Как вы думаете, сколько фактических ошибок может быть допущено в пособии по русской литературе, рекомендованном для 10—11-х классов средней школы? Правильно – ни одной! Но вот мы раскрываем такой учебник на с. 356 и, к своему удивлению, из главы о Ф.И. Тютчеве узнаем, что на шедшем в 1838 г. из России в Германию корабле “Николай I”, кроме И.С. Тургенева (впоследствии описавшего это плавание в очерке “Пожар на море”) и первой жены Ф.И. Тютчева, была и “погибла дочь Герцена”. И что якобы об этом корабле и этой трагедии рассказано самим А.И. Герценом в “Былом и думах”: “см. главу “Oceano Noх””. Вы возразите: А. Герцен в 1838 г. только обвенчался с Натальей Александровной Захарьиной, и их первая дочь родилась лишь в 1844 г., стало быть, присутствовать и погибнуть в плавании 1838 г. никак не могла. И вообще из детей Герцена в морской пучине трагически погиб младший сын писателя, глухонемой Николай, утонувший вместе с матерью писателя, да и произошло это в 1851 г., в Средиземном, а не Балтийском море и, разумеется, на совершенно другом пароходе. Наконец, добавите вы, в названии главы из “Былого и дум”, рассказавшей об этой трагедии, слово “noх” (лат. “ночь”) у самого Герцена написано, как и следует, с прописной, а не с заглавной буквы.

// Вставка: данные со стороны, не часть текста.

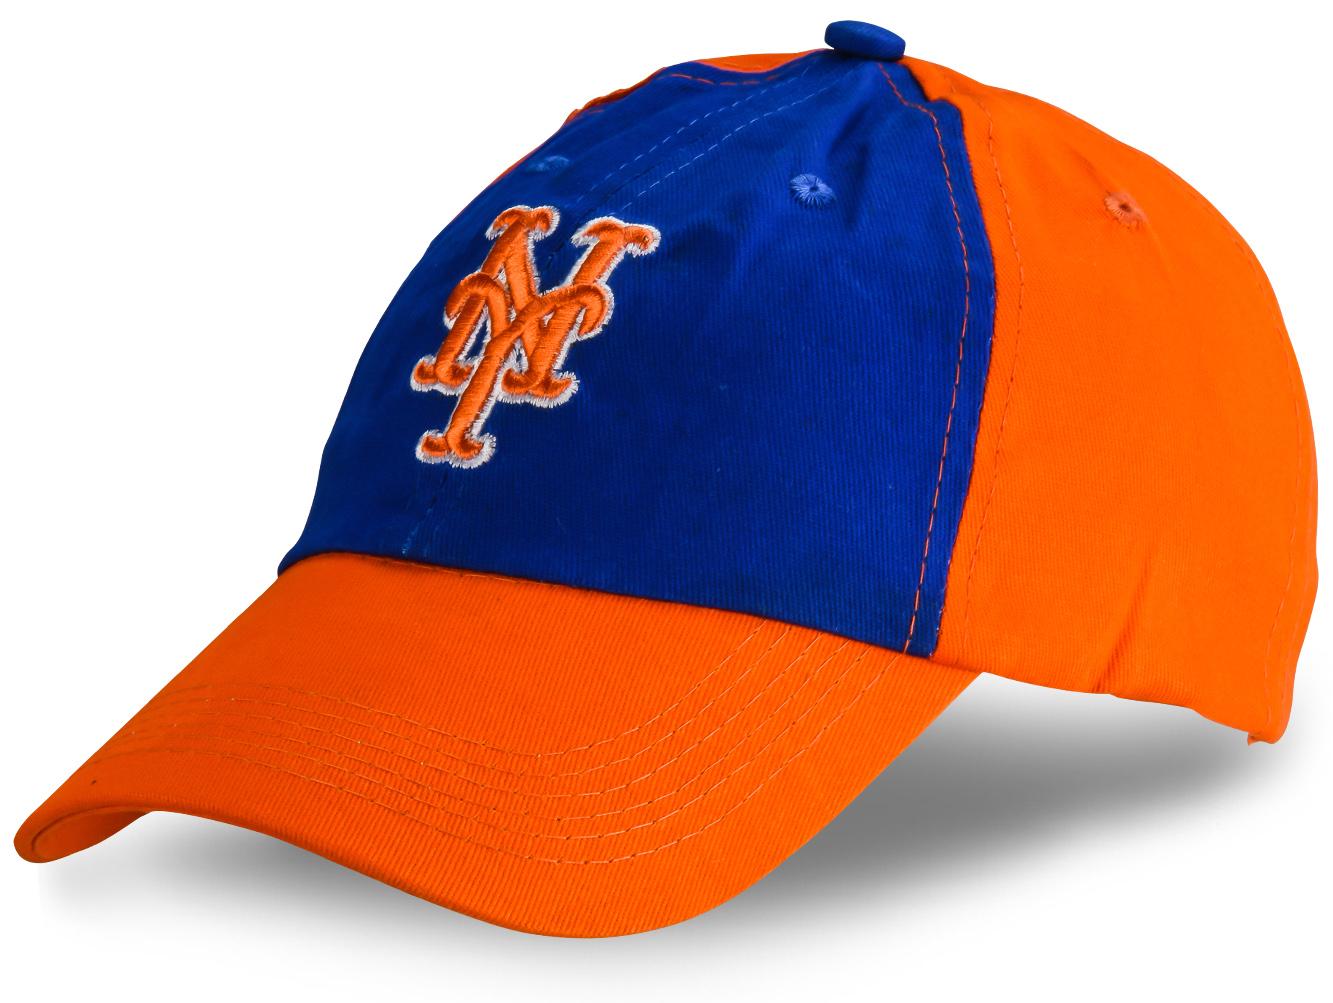 Бейсболка NY - купить в интернет-магазине с доставкой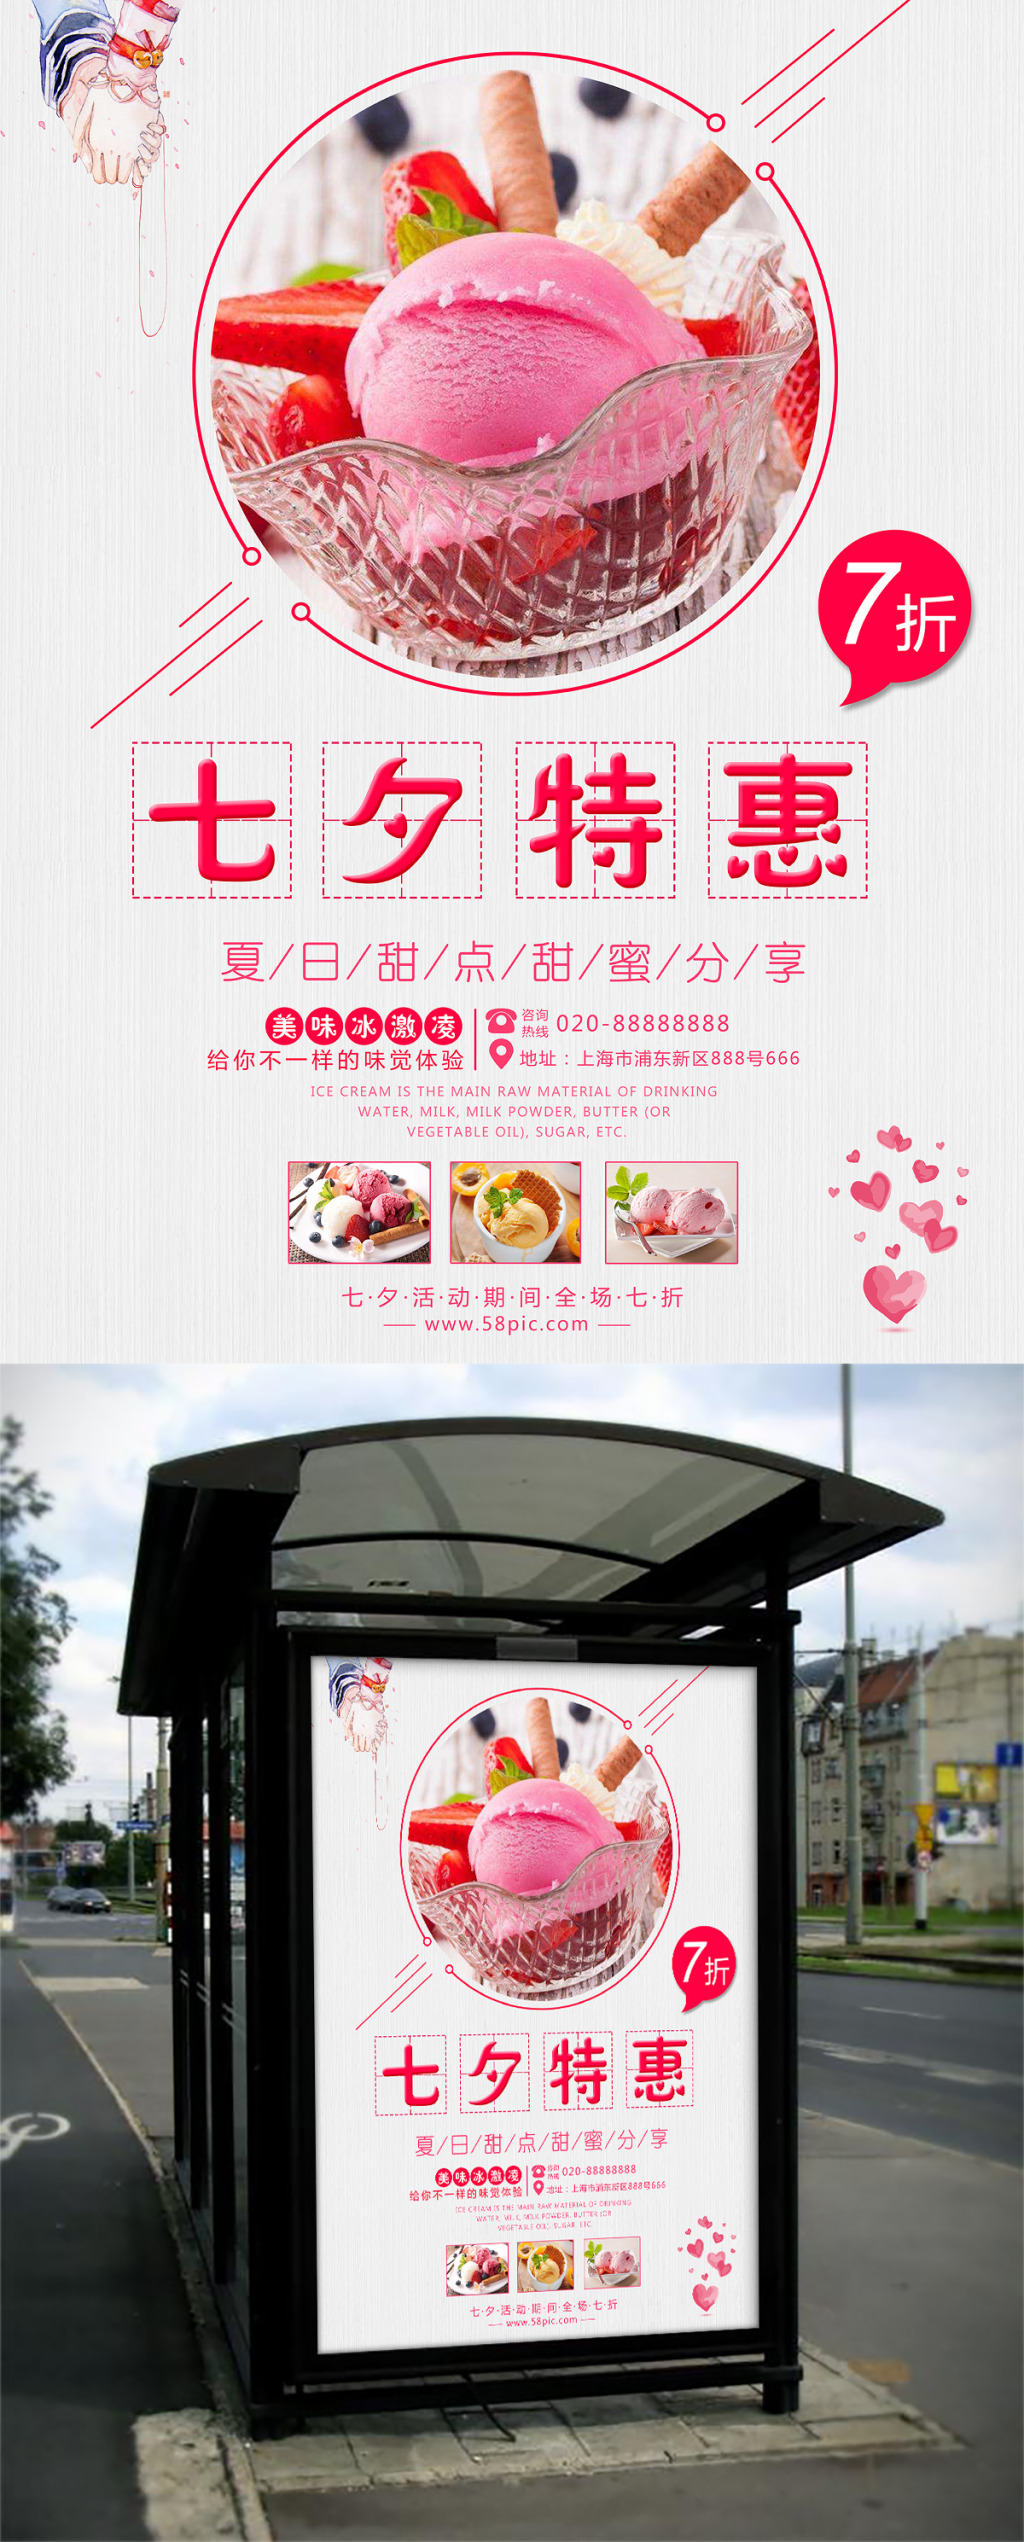 2017年七夕特惠美味冰激凌海报设计

Итак, пять грубых фактических ошибок… в одной фразе! Но, быть может, это случай единственный? Увы! На с. 142 читаем: Чацкий “прежде всего осуждает крепостное право, приравнивая его к рабству”. В действительности к рабству приравнял крепостное право и этим осудил его Пушкин в стихотворении “Деревня” (“Здесь рабство тощее влачится по браздам…”), да и то во второй его части, ходившей в списках. Что касается Чацкого, то им осуждены жестокие помещики, распродающие своих крепостных актеров (“Амуров и Зефиров”) “поодиночке”, т.е. без их жен и детей. На с. 362 заявлено, что знакомство И.С. Тургенева с Полиной Виардо произошло в “середине сороковых годов”, но 1843 г., когда это случилось, — не середина десятилетия. Герои тургеневских рассказов “Певцы” и “Бежин луг” — Яков по прозвищу Турок и подросток Павлуша, по утверждению автора соответствующей главы, “спиваются или гибнут <…> без каких-либо конкретных причин” (с. 368). Между тем Яков в конце рассказа напивается, но не спивается, а Павлуша погибает по вполне конкретной причине: он “убился, упав с лошади” (Тургенев И.С. Полн. собр. соч. и писем: В 30 т. М., 1979. Т. 3. С. 105). Евгений Базаров по советской традиции аттестуется “плебеем-разночинцем” (с. 371), хотя в “Отцах и детях” слово “разночинец” не употреблено ни разу; в действительности, как сын штаб-лекаря, имеющего орден Святого Владимира (мать его вообще из “столбовых дворяночек”), он, вопреки утверждениям учебника, — потомственный дворянин, хотя и не владелец “собственных крепостных” (с. 375): имение принадлежит его матери (даже не отцу). Неверно и утверждение, что, по Тургеневу, “тайну природы невозможно раскрыть” (с. 380), ведь автор “Поездки в Полесье” и стихотворения в прозе “Природа” по крайней мере в этих произведениях как раз и раскрывает нам свое понимание этой тайны.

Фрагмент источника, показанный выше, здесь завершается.